Я вспомнила про расстрел на танцплощадке, теперь та история не казалась мне столь уж невероятной. Репутация, да, именно репутация. Генрих всегда мне казался страшным человеком, абсолютно циничным и способным на любую жестокость, но только здесь, на кухне, я поняла, что, вполне возможно, я ошибалась в главном. В том, что он человек. Что он наделён всем комплектом душевных хромосом, необходимым для функционирования этой самой души. Ведь никому и в голову не придёт обвинять какого-нибудь бенгальского тигра-людоеда в жестокости. Тигр оперирует в другой системе моральных координат нежели индусы, которых он съел. Эти системы лежат в разных плоскостях и нигде не пересекаются. С точки зрения самого тигра он не только не сделал ничего дурного, а наоборот, проявил себя молодцом, укрепив свою репутацию бесстрашного хищника и хозяина джунглей. Да, репутация.
— Написав это, — он ткнул скомканной бумагой мне в лицо, — ты не оставила мне выбора. К тому же…
Мне послышались шаги в коридоре, я оглянулась. Это была не мать. Америка — он остановился в дверном проёме. Левый глаз его заплыл бордовым синяком. На щеке, от виска до подбородка краснел свежий порез, такой же был на шее, под кадыком. От уха до уха. Я не сразу поняла, что за тёмные пятна были на его куртке — на воротнике и на груди.
— Я уж думал ты там заснул, — Генрих сунул скомканную бумагу в карман. — Заходи. Тоже будет полезно посмотреть. Сколько там твоей сестричке? Двенадцать?
Он говорил, не глядя на Америку. Потом показал мне кулак. Что-то щёлкнуло и из кулака вдруг выскочило лезвие, короткое и узкое как жало. Полированная сталь казалась осколком зеркала.
— Раздевайся.
Генрих сказал это как бы между прочим.
— Ты умная и поэтому всё сделаешь грамотно. Правильно?
Я не двинулась, завороженно смотрела на лезвие ножа.
— Не тяни время. Будет только хуже.
Генрих подошёл к Америке, тот вскинул руки, закрывая лицо.
— Убрать, — тихо приказал. — Руки.
Америка подался назад, спиной прижался к дверному косяку. Потом медленно убрал ладони от лица. Генрих был на голову ниже, он вытянул руку и приставил лезвие к здоровой щеке парня.
У меня мелькнула надежда, Генрих рядом с Америкой выглядел плюгавым недомерком. Наверное и в школе дразнили шкетом или шибздиком. И на физре стоял последним, и колотили наверняка не раз. Но Америка не шелохнулся. А Генрих взглянул на меня и повторил:
— Раздевайся.
Я не могла отвести взгляд от лезвия. Красная струйка побежала по щеке, исчезла под подбородком, снова появилась на горле и стекла по желобку между ключиц в раскрытый ворот рубахи.
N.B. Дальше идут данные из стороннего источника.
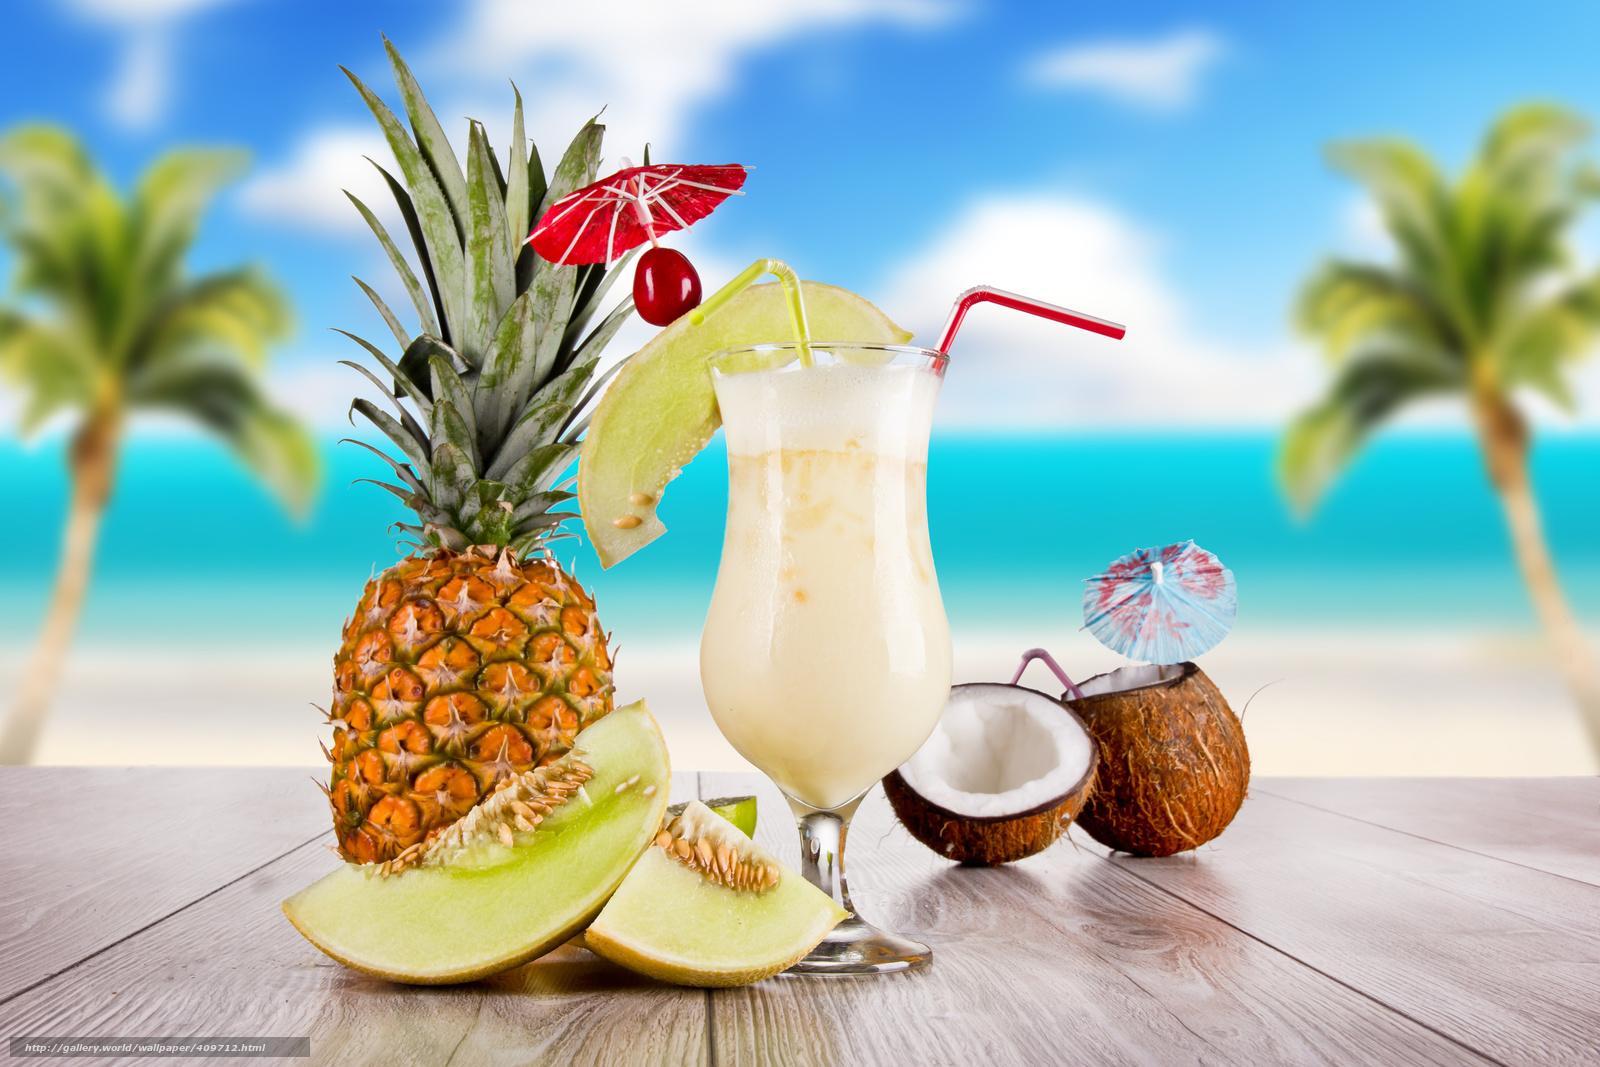 Tlcharger fond d 39 ecran cocktail verre vin noix de coco for Fond d ecran gratuit 974

Америка тихо заскулил.
— Не надо… — пробормотала я.
Голос был чужой. Руки и ноги, всё тело чужое. Вместо мускулов и костей внутри только ужас. Вместо сердца и вместо мозгов — там тоже не было ничего кроме ужаса. Вязкого и липкого, как сырое тесто. Я под завязку была накачана этой дрянью.
— Страх. — Генрих всё понял и ухмыльнулся. — Работает безотказно. Всегда.
Пальцы не слушались. Я расстегнула все пуговицы, одну за другой сверху вниз. Но забыла про манжеты. Вывернула рукава наизнанку, кое-как выпуталась из блузки.